А петухи, даже оппозиционные, не заслуживают казни — их достаточно поставить в жалкое и безнадежное положение. Он ведь и сам начинал петухом. Но как только понял, что до конца его дней петушиться ему придется где-то на дне, всю дурь как кнутом вышибло. Правда, среди первых гвардейских успехов и празднеств трудно было снова не возгордиться, тем более что на какое-то время блестящий нищеброд превратился в супруга богатой дочери генерал-майора из императорской свиты. Но не с его орлиными замашками было на этом успокоиться. Романтический роман с полуграфиней-полукнягиней Шуваловой-Барятинской добил его брак, и он больше не женился, хотя время от времени давал волю своему обаянию шармера.

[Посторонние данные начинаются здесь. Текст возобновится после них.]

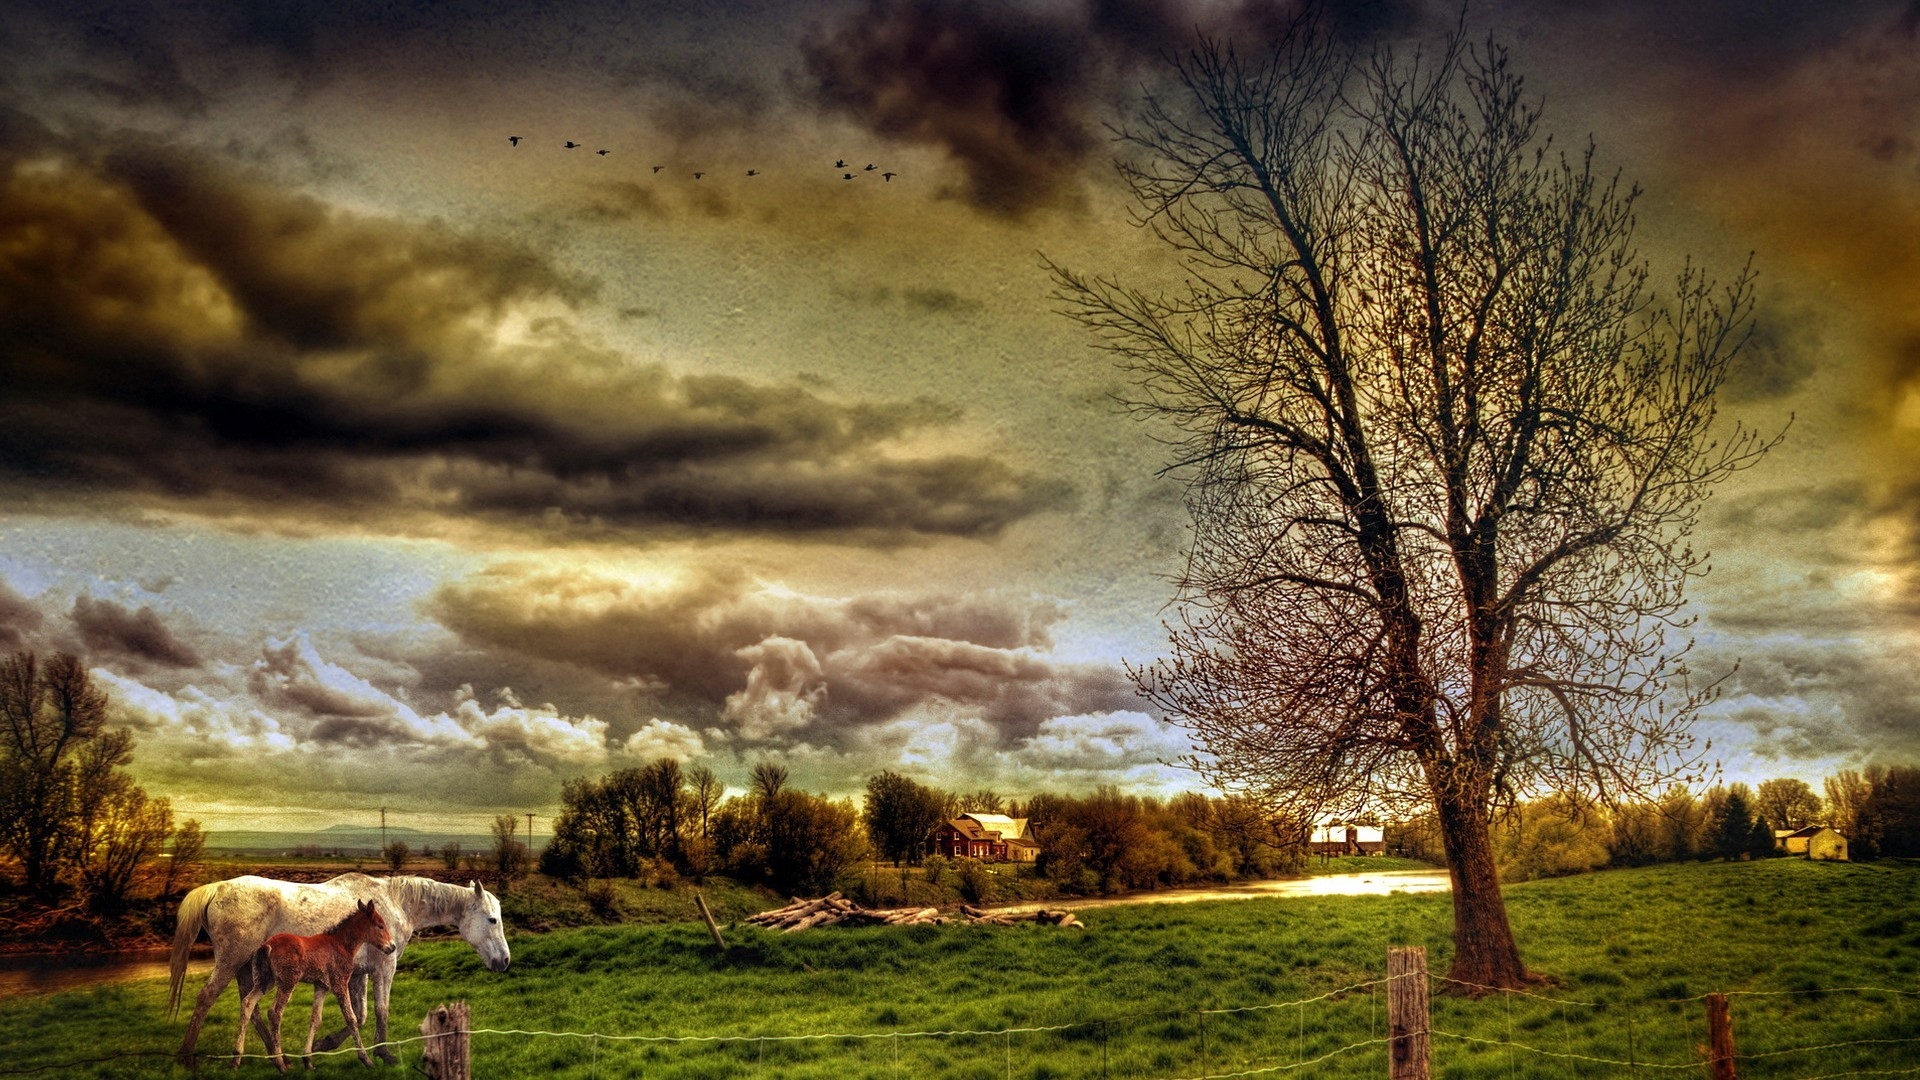 HDR Countryside Landscape for 1920 x 1080 HDTV 1080p resolution

Правда, сделавшись спасителем и надеждой народа, он избегал любовных связей в собственной стране. Время от времени, удаляясь от дел, он не выращивал капусту, а охотился на трехметровых тигров и великосветских красавиц — и то, и другое с неизменным успехом. Сохранилось письмо польской княгини, упрекавшей его, что он закрыт для любви в своем стальном панцире. 
Но его служебные и неслужебные успехи и перемещения, карточные долги и ухищрения из них выпутаться — все это было слишком человеческое, а героев достойно только героическое. Хотя пробиваться на войну с японцами, по его желчному признанию, он начал чуть ли не из-за этих неотвязных долгов. Еще поговаривали о его романе с одной из великих княжон и о ссоре с кем-то из великих князей: член императорской фамилии получил по физиономии за какой-то неприличный намек о его бывшей жене. Искатель подвигов застраховал свою жизнь сразу на финские марки и на шведские кроны, и под эти два полиса набрал новых долгов, чтобы отправиться на театр военных действий с великолепным жеребцом по кличке Талисман. Бетси Шувалова-Барятинская успела его опередить со своим госпиталем, в котором будущему герою помогли избавиться от дорожных вшей. Так что он мог уже без опасений провести с нею пару-тройку дней и ночей в харбинской гостинице.

Первый обстрел он выдержал с честью, хотя не избегнул «неприятных переживаний». В дальнейшем он вел себя под пулями настолько невозмутимо, что даже пошли разговоры, будто он нарочно ищет смерти. Смерти он, однако, не нашел — под ним всего лишь был убит жеребец, и до особенных подвигов начальство его не допустило. Зато он понял, что война дело всей нации, а не только армии, и японцы явили миру урок единства и жертвенности. А российское начальство было радо уже и тому, что его хотя бы не вырезали подчистую. Он еще не скоро постиг, что никакое общее дело не может захватить нацию целиком — достаточно увлечь национальную аристократию, в спокойные времена растворенную в народной толще. Лишь Октябрьская смута открыла ему, что аристократизм вовсе не спесь, а ответственность за общее наследие.
Дальше можно десять лет пропустить, хотя одно только двухгодичное разведывательное путешествие верхами в Китай через Тянь-Шань и пустыню Гоби тянуло бы на приключенческий роман. Рассказывать, как несколько раз он оказывался на волосок от гибели, ему было скучно. Но сквозь обычную сдержанность этого аристократического потомка викингов иногда прорывался восторг: горные обрывы в вечернем свете казались покрытыми темно-зеленым бархатом, долину охраняли торжественные снежные вершины…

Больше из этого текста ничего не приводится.